Открылась дверь, и вошел хозяин, щупленький невысокого роста тат[31], одетый в старенькое пальто и сапоги. Поздоровавшись с гостями и сняв пальто, он сказал:

— Чежоков и Серебряков подозревают о вашем прибытии. А за твою голову, Бетал, обещана награда — десять тысяч рублей.

— Ого! Неплохо они меня оценили! Как считаешь, Ягудан?

— Мой дом пока вне подозрений, — сказал Ягудан. — Но все же, думаю я, вам лучше находиться в разных местах.

— Пожалуй, ты прав, — согласился Калмыков. — Схватят одного из нас, — другой что-то сделает.

— Тогда ты. оставайся у меня, Бетал, — решил хозяин, — а друзей твоих я устрою у других товарищей.

Ахриев и Палавандашвили ушли с Ягуданом, а Бетал спустился в подвал, где уже не раз скрывался от белогвардейских ищеек. Там было сыро и темно, неприятно пахло сырыми шкурами и шерстью, сложенной под кроватью. Но выбирать не приходилось. Калмыков, не раздеваясь, лёг на кровать и укрылся шинелью.

Заснул он мгновенно.

* * *

На другой день, как было условлено еще во Владикавказе в подвале, где Калмыков провел ночь, стали собираться бывшие делегаты второго съезда народов Терека от Кабарды и Балкарии Новости, Принесенные ими, были неутешительны.

По Нальчику слонялось немало белогвардейских солдат и офицеров, и это наводило на мысль о том, что планы большевиков перестали быть тайной для контрреволюции Иначе почему бы это комиссар Временного правительства Хамид Чежоков и деникинский полковник Заурбек Даутоков-Серебряков, словно гонимые необъяснимым беспокойством, разъезжали целый день по улицам города на пулеметной тачанке, останавливаясь то возле солдатских казарм то в тюремном дворе.

Наконец стало известно, что численность войск нальчикского гарнизона в последние дни заметно увеличилась.

Выслушав всех, Бетал сообщил о своем решении перебраться отсюда, с окраины, в центр города, с тем чтобы быть в курсе событий.

— Завтра базарный день, — сказал Калмыков. Держите своих людей нынешней ночью поблизости от рынка. Это приказ. А начнем завтра утром. Медлить нельзя. Если господа белопогонники, пронюхав о наших замыслах, стянут сюда войска, — все пропало.

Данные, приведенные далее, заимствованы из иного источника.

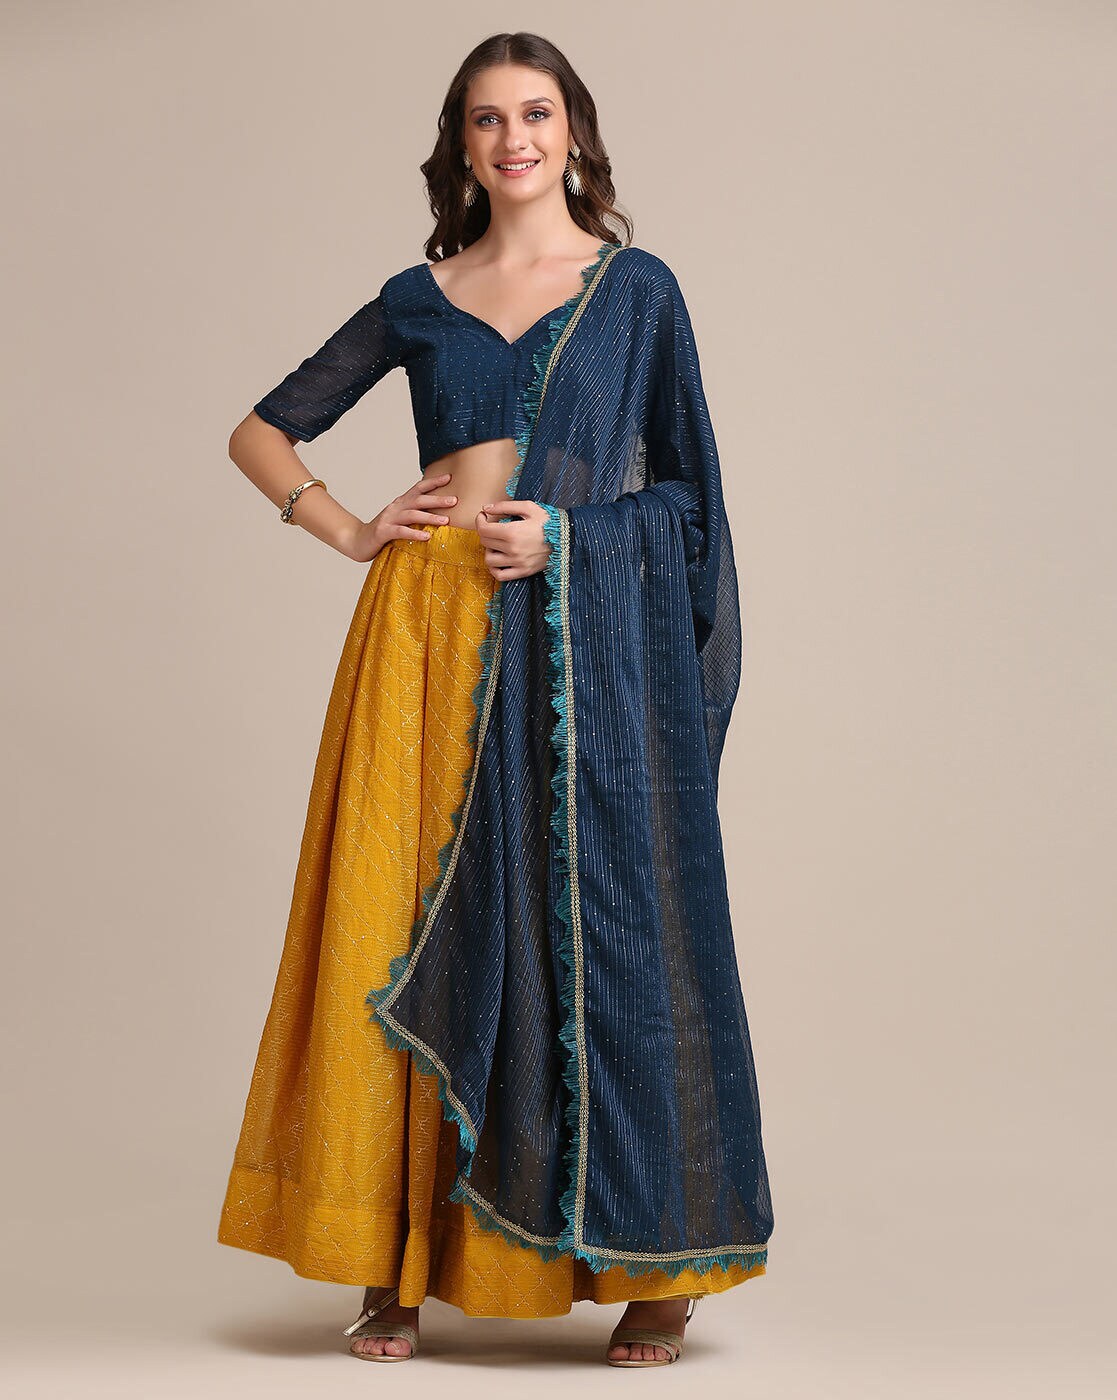 Bridal Gold Dupatta for Lehenga in Uk USA Designer Viel - Etsy UK |  Embroidered mesh dress, Lehenga suit, Stole scarf

Договорившись о деталях предстоящей операций, горцы стали по одному, по двое расходиться. Уходили задами, через огород Ягудана, на котором еще оставались заросли прошлогоднего бурьяна и кукурузные бодылья.

Когда совсем стемнело, Калмыков и трое товарищей, оставшихся с ним, переоделись в белогвардейскую форму и тоже покинули подвал.


…Бетал шел по Воронцовской улице, зорко вглядываясь в темноту.

На нем был короткий полушубок армейского образца, отороченный серым каракулем, такого же меха папаха на голове, на плечах — полковничьи погоны. За ним, на почтительном расстоянии, вышагивали три сопровождавших его «нижних чина».

Изредка навстречу им попадались солдаты. Они испуганно вытягивались перед Беталом и вскидывали руку к козырьку фуражки. Он небрежно козырял в ответ и спешил дальше.

Рядом с базарной площадью, в этот час совершенно безлюдной, в самом центре города[32], стояла гостиница, принадлежавшая купцам Шуйским. Калмыков, не колеблясь, вошел в слабо освещенную фонарем парадную дверь. «Солдаты» — за ним.

В просторной гостиной, за круглым столом внушительных размеров несколько офицеров играли в карты. Между ними завязался спор. Рыжий поручик с порозовевшим от гнева лицом говорил одному из партнеров:

— Извольте возвратить мне взятку, юнкер! Пора бы знать, что дама старше валета!

— Не сердитесь, милейший, — уговаривал его юнкер;— вот-с, возьмите. Я просто ошибся! Но, будь я проклят, если понимаю, почему в картах дама валета бьет!

Остановившись посреди комнаты, Бетал сурово разглядывал расшумевшуюся компанию. Заметив его, они вскочили один за другим.

На мгновение в гостиной воцарилась тишина.

— Нашли чем заняться, поручик! — жестко сказал Калмыков. — Смотрите, проиграете так большевикам и Россию в картишки…

— Простите, господин полковник, мы зашли только немного согреться, — щелкнул каблуками рыжий поручик.

— Патрулируете?

— Так точно-с! Офицерский патруль!

— В гостинице есть свободный номер?

На лице поручика тотчас появилось подобострастное выражение.

— Если даже нет, заставим найти! — браво воскликнул он и, не ожидая приказания, помчался на второй этаж. Через несколько минут он снова спустился вместе с хозяином.

— Номер к вашим услугам, господин полковник!

Бетал оглянулся на сопровождавших его «солдат», которые чинно стояли у дверей, изредка переминаясь с ноги на ногу. Хозяин перехватил его взгляд:

— Не извольте беспокоиться: им также-с отыщется местечко! А засим — пойдемте-с, я покажу вам комнату!

Калмыков хотел было последовать за хозяином, но его несмело остановил поручик. Запинаясь, он сказал, понизив голос:

— Господин полковник… Я, конечно… Но, видите ли, я являюсь старшим патрулем… И мой долг… Не взыщите, я ведь на службе, при исполнении, так сказать!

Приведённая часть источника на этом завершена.